- _EXERCISE GOAL_
Below are entries; repeat exactly, and nothing else, the lines from the one holding "Digital torque wrench brand new snap on $300" through the one holding "A pair of as", inclusive. Leave the pictures out.

SUPPLIED MATERIAL section start

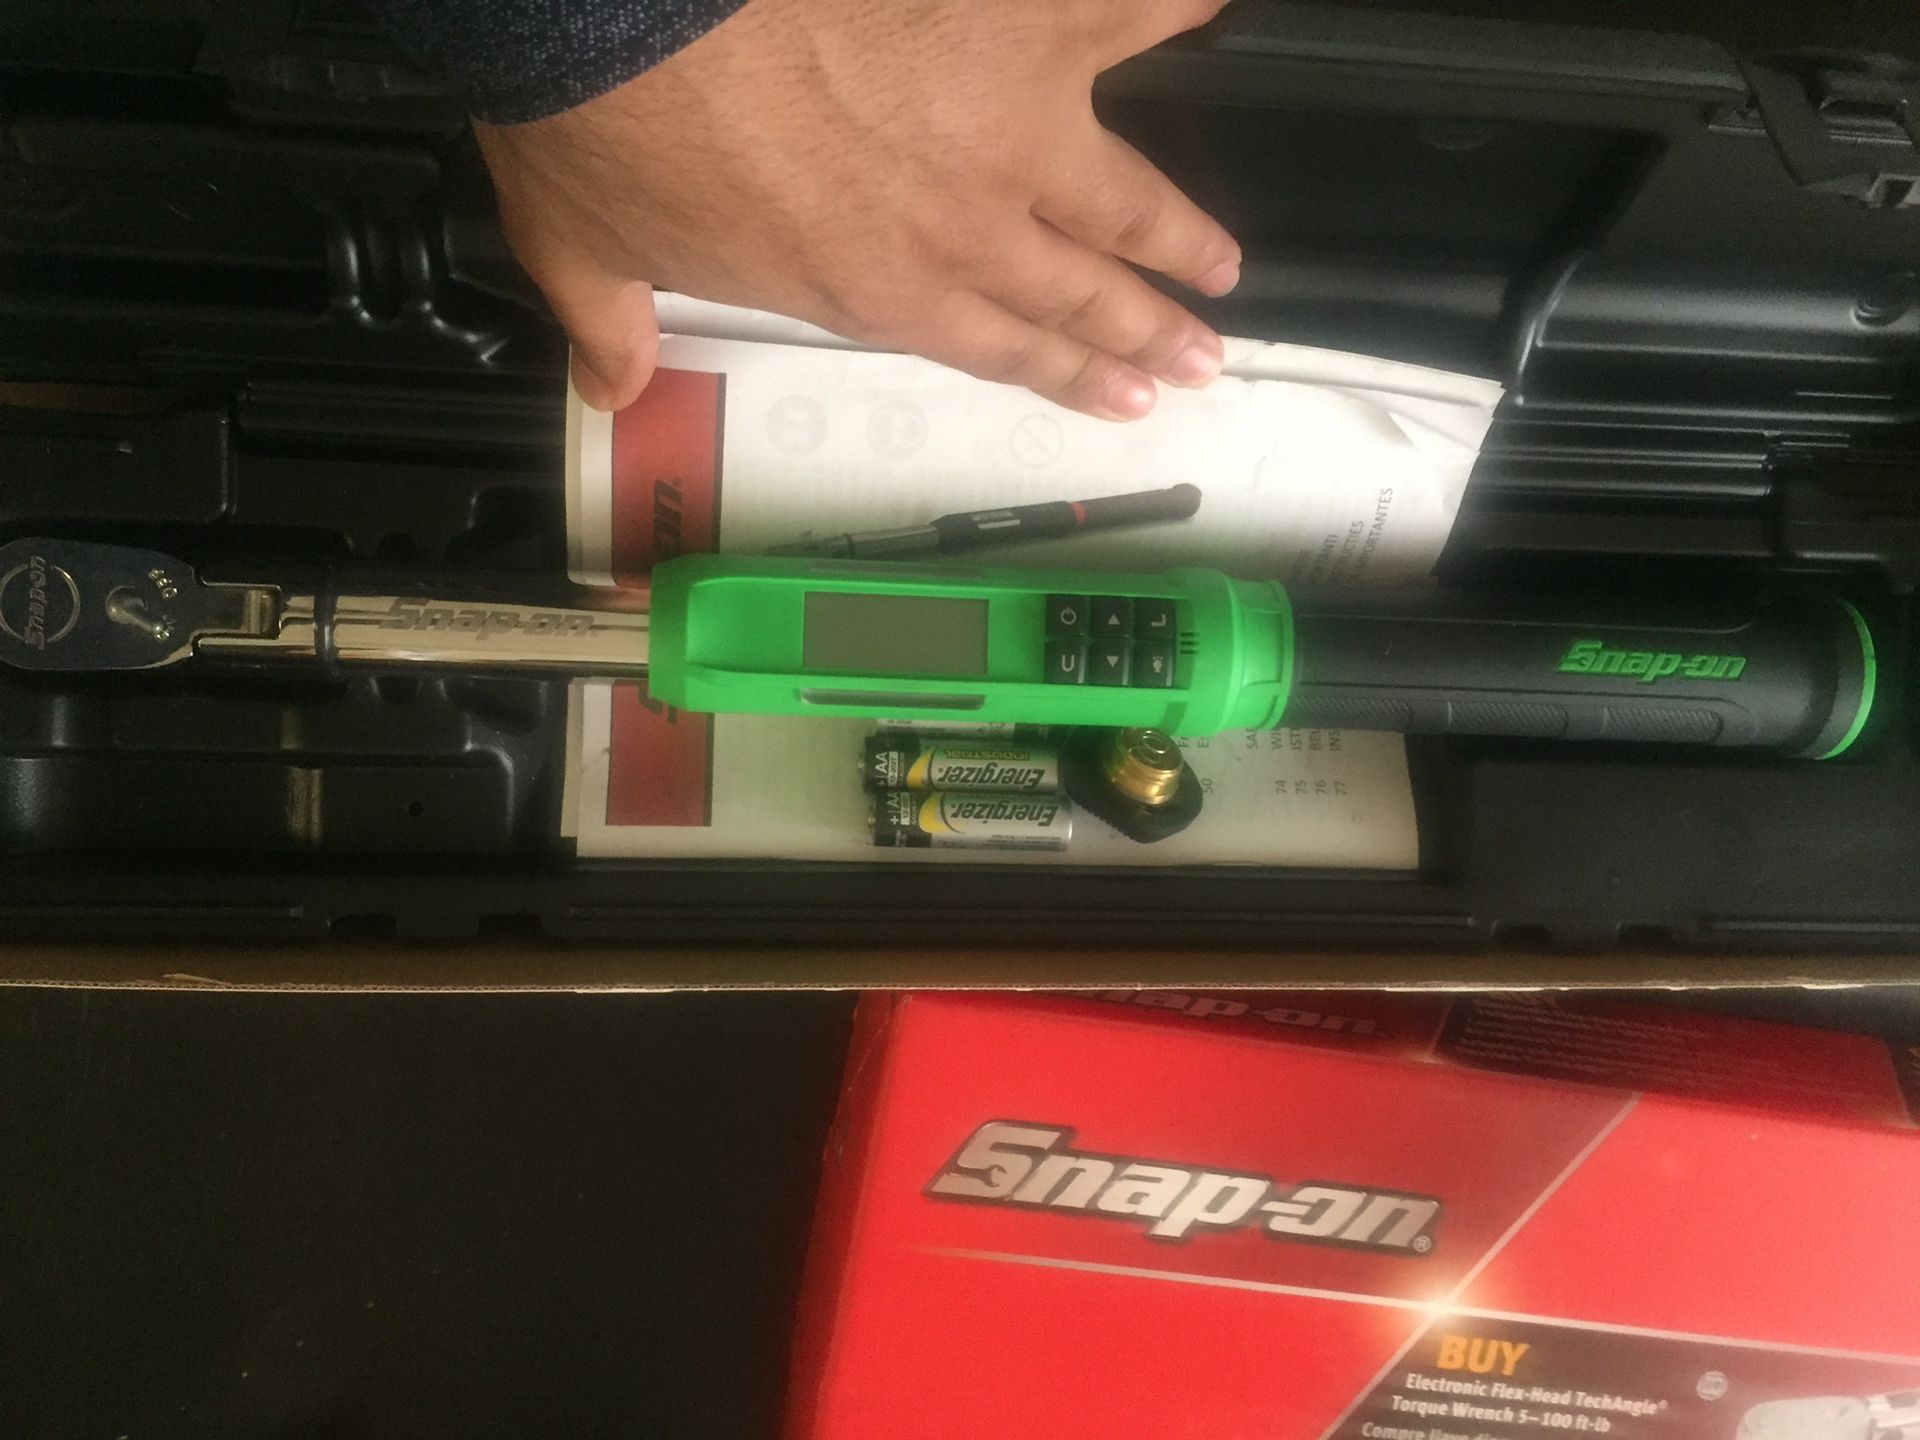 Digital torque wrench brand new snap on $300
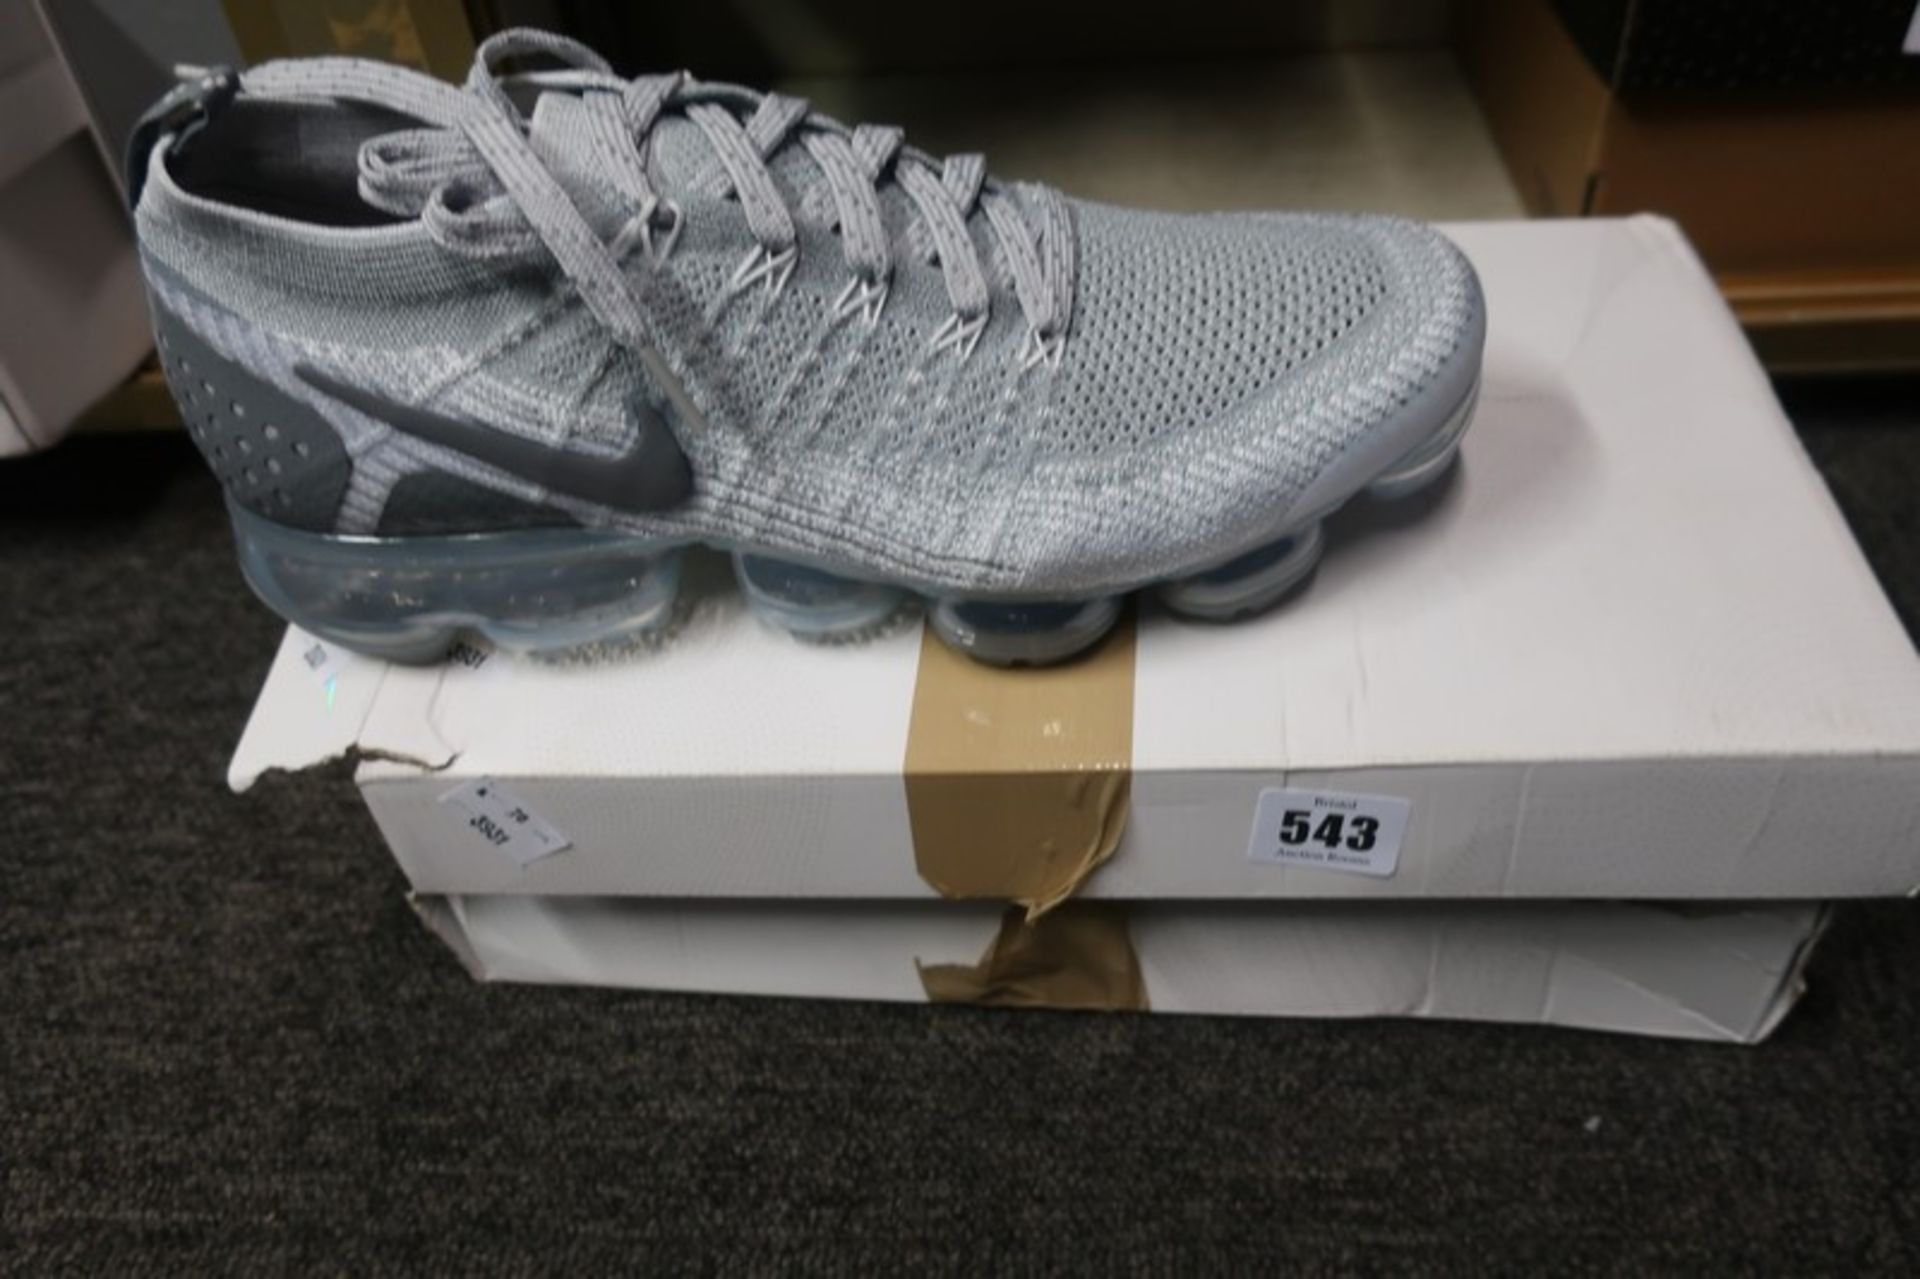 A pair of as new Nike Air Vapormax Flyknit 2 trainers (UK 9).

SUPPLIED MATERIAL section end
SUPPLIED MATERIAL section start

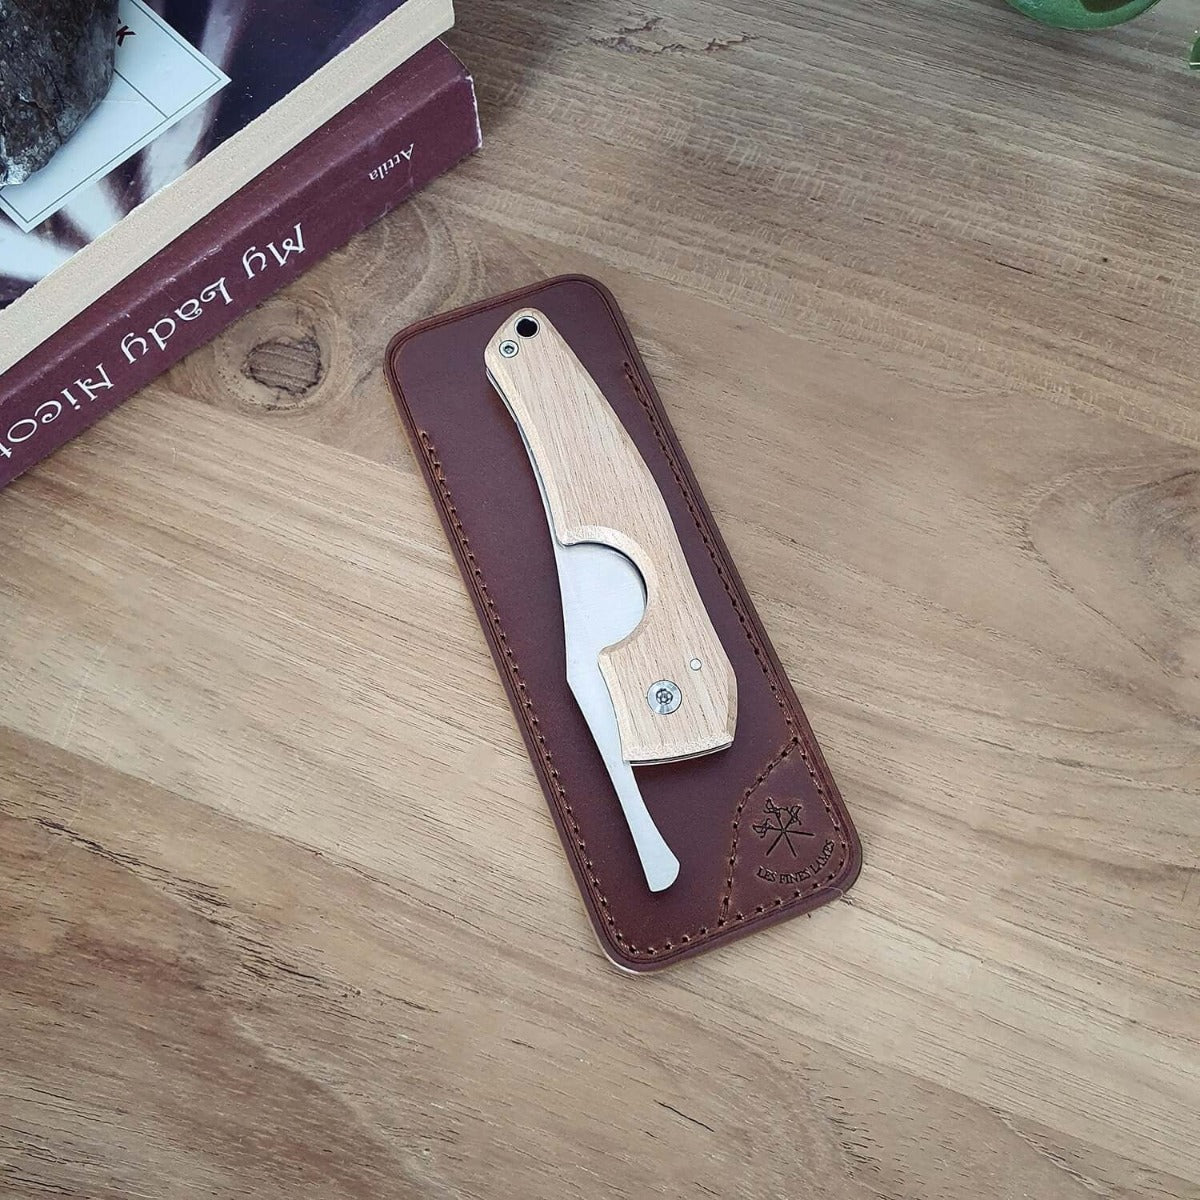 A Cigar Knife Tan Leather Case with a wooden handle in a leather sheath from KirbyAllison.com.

SUPPLIED MATERIAL section end
SUPPLIED MATERIAL section start

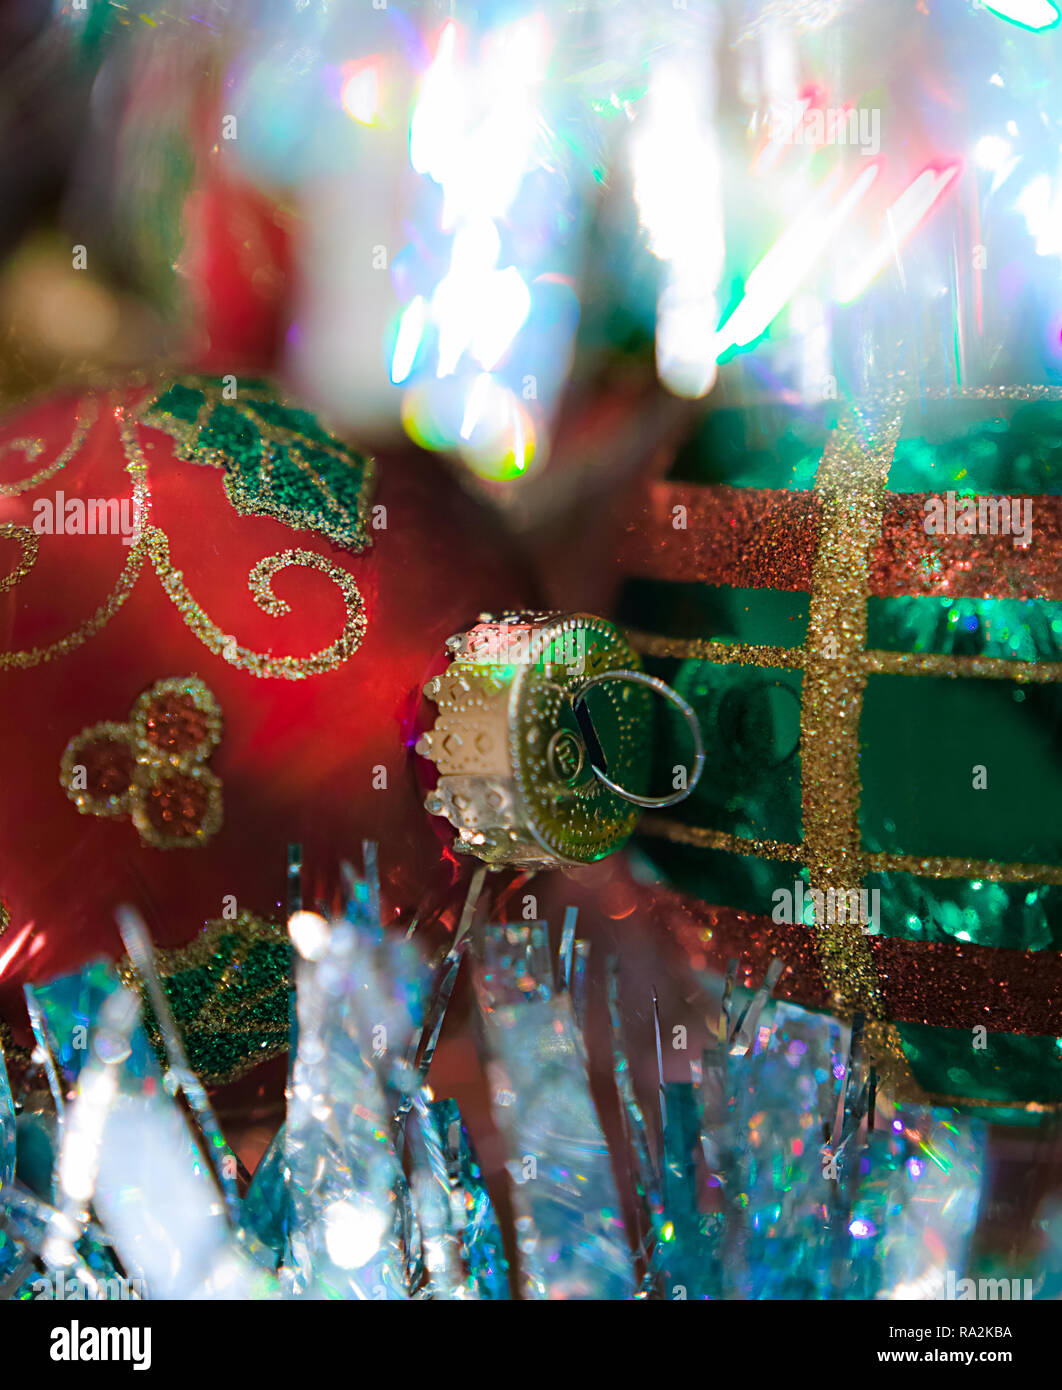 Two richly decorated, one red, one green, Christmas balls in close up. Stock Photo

SUPPLIED MATERIAL section end

- _WRITTEN RESPONSE_
 Digital torque wrench brand new snap on $300
 A pair of as new Nike Air Vapormax Flyknit 2 trainers (UK 9).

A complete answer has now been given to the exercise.